Kurtosis provides information about distribution. There are 3 types of Kurtosis: Mesokurtic, Leptokurtic Platykurtic. Article explains types of kurtosis using examples, video, visualization, and python code.
4. Numerical Visualization
A histogram plot shows the underlying frequency distribution (shape) of a set of continuous data. Using histogram we can understand features of data such as distribution (normal or skewed), outliers, etc.
There are visual similarities in histograms and bar plots as both display the same categorical variables against the category of data. However, histogram is generally used on continuous data to display it as bins which indicate the number of data points in a range.
Boxplot or Whisker plot visually show the distribution of numerical data. A Box Plot is the visual representation of the statistical five points summary, including the minimum score, first (lower) quartile, median, third (upper) quartile, and maximum score.
1. Frequency Table
A frequency table counts occurrence of each category of the variable. In addition to count we can add percentages that fall into each category. We can get Count and Count%.

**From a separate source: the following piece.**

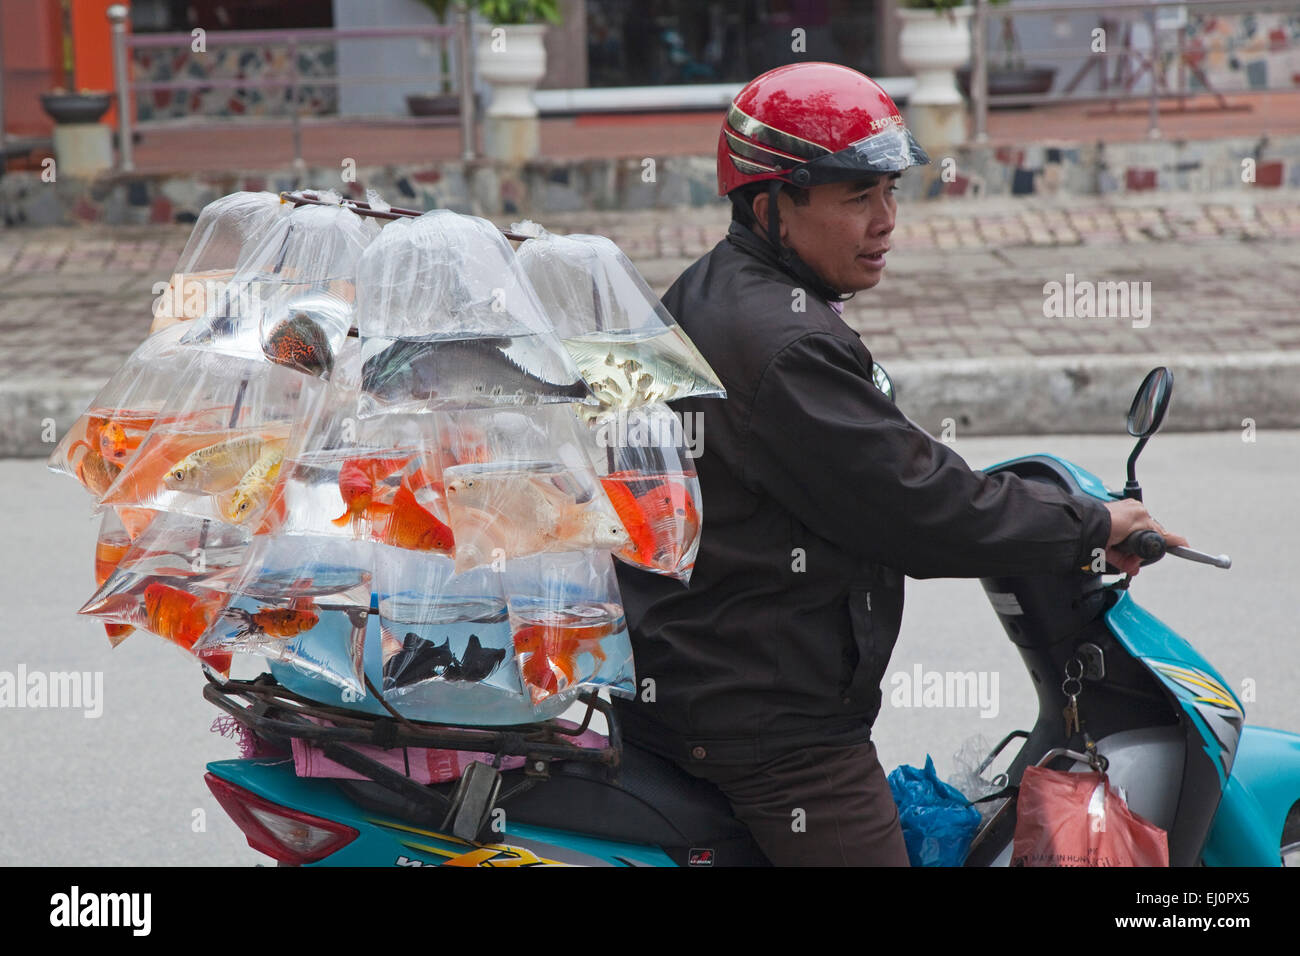 Ha Long, Hong Gai, Hon Gai, Hongay, Quang Ninh Province, Vietnam, SE Asia, South East Asia, mobile, scooter, vendor, Stock Photo

For example, in a class variable we can understand the category count and percentage of boys and girls students.
2. Categorical Visualization
A Pie Chart is a circular graph and the “pie slices” denote the relative size of that particular category. Pie charts are mainly used to understand division of group into smaller pieces. The whole pie represents 100 percent.
The bar plot (or bar graph or bar chart) is very suitable for comparing categories of data or different groups of data. It can help track and compare changes over time. Mostly used for visualizing discrete data.